South Carolina did tap a $15 million line of credit from the federal government, but the governor has yet to ask for the $147 million needed to get the state through the end of March. Michigan and Indiana already have borrowed federal money, the U.S. Labor Department said, and the National Association for State Workforce Agencies expects 30 states will see their benefit funds evaporate in the next 12 months because of the high numbers of people seeking help.

The governor says he wants the agency to collect more information on how and why people are unemployed so the state does better creating jobs.

"Before we proceed with any loan request, we want assurances from the agency that it will move forward on these issues," Sanford spokesman Joel Sawyer said.

Federal Labor Department spokespeople said it would be unprecedented for a state to fail to arrange for money to pay the benefits. The state has no emergency funding mechanism for the benefits.

"I'm out of money at the end of the year," said Ted Halley, executive director of the South Carolina Employment Security Commission. "I can't write the checks if I don't have the money to write the checks."

Workers don't understand why the state isn't jumping to take the money. Altray Reed, 41, of Columbia, said her job as a cafeteria worker is taking a three-week leave for the holidays, and she needs the unemployment to pay the bills.

"I don't feel he should wait. We're depending on that unemployment," she said.

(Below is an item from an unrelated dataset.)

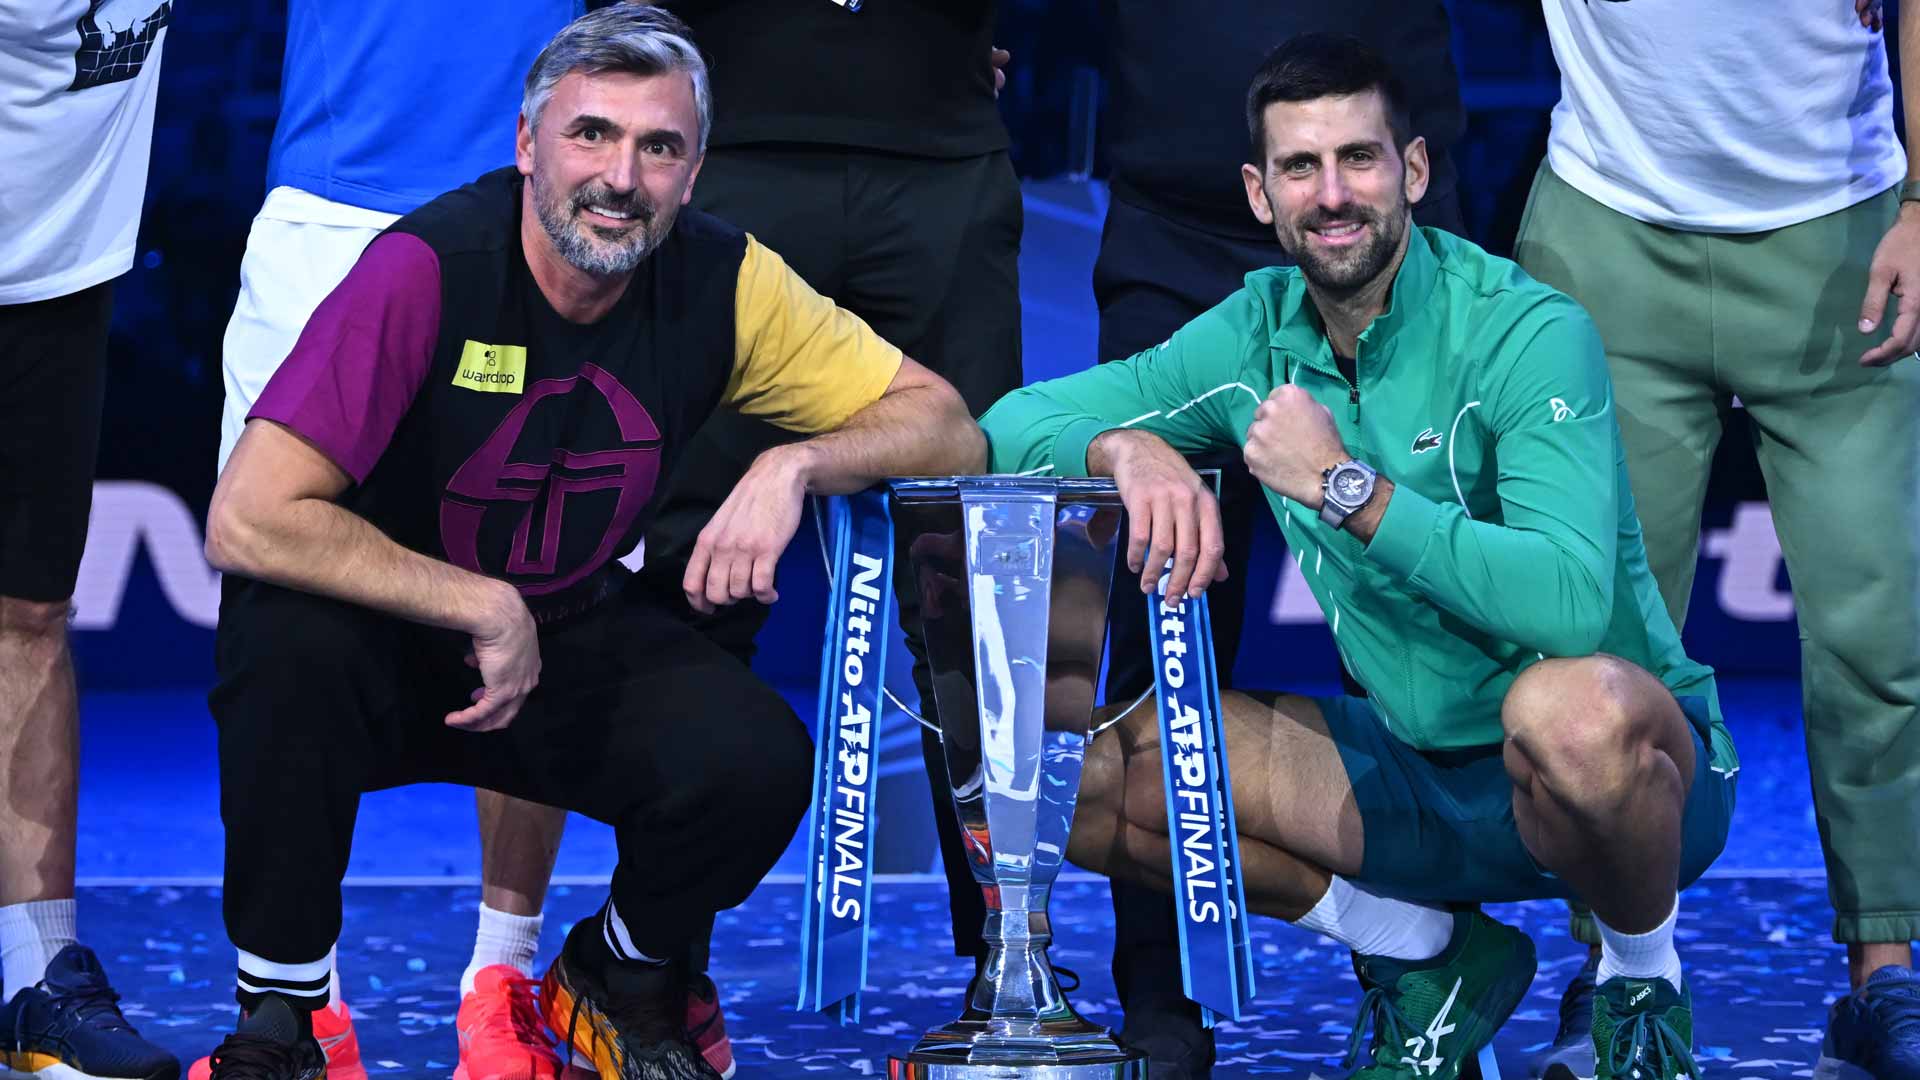 Goran Ivanisevic and Novak Djokovic celebrate after the World No. 1 defeated Jannik Sinner on Sunday evening in Turin.

Sgt. Michael Jones, 61, of Columbia, said he was discharged from the Army about eight months ago and is running out of savings. Unable to find work, he was applying for unemployment benefits.

"I think it is a game. They're the ones not hurting," he said. "The little people are suffering."

Even before the financial crisis, Sanford was no stranger to going it alone. If there is an ideological thread that runs through his actions, it seems libertarian. His two favorite movies - "Gladiator" and "Braveheart" - feature protagonists who die fighting for their causes.

And it was his worry about federal spending that helped launch his career. The eldest of four siblings, Sanford says he never intended to go into politics. After working for a couple of years in the finacial world in New York, he returned to South Carolina, where he said he was shaped by his summers working on the family plantation. That's when, over a business lunch, his complaints about the federal deficit and government spending led to a challenge that he do something about it.

"It may seem out of character for a governor of a state with a struggling economy to turn down an offer of help," said Scott Huffmon, political science professor at Winthrop University who has watched Sanford's career. "However, there is an absolute ideological consistency to Mark Sanford. And to understand anything he does, you need to understand that."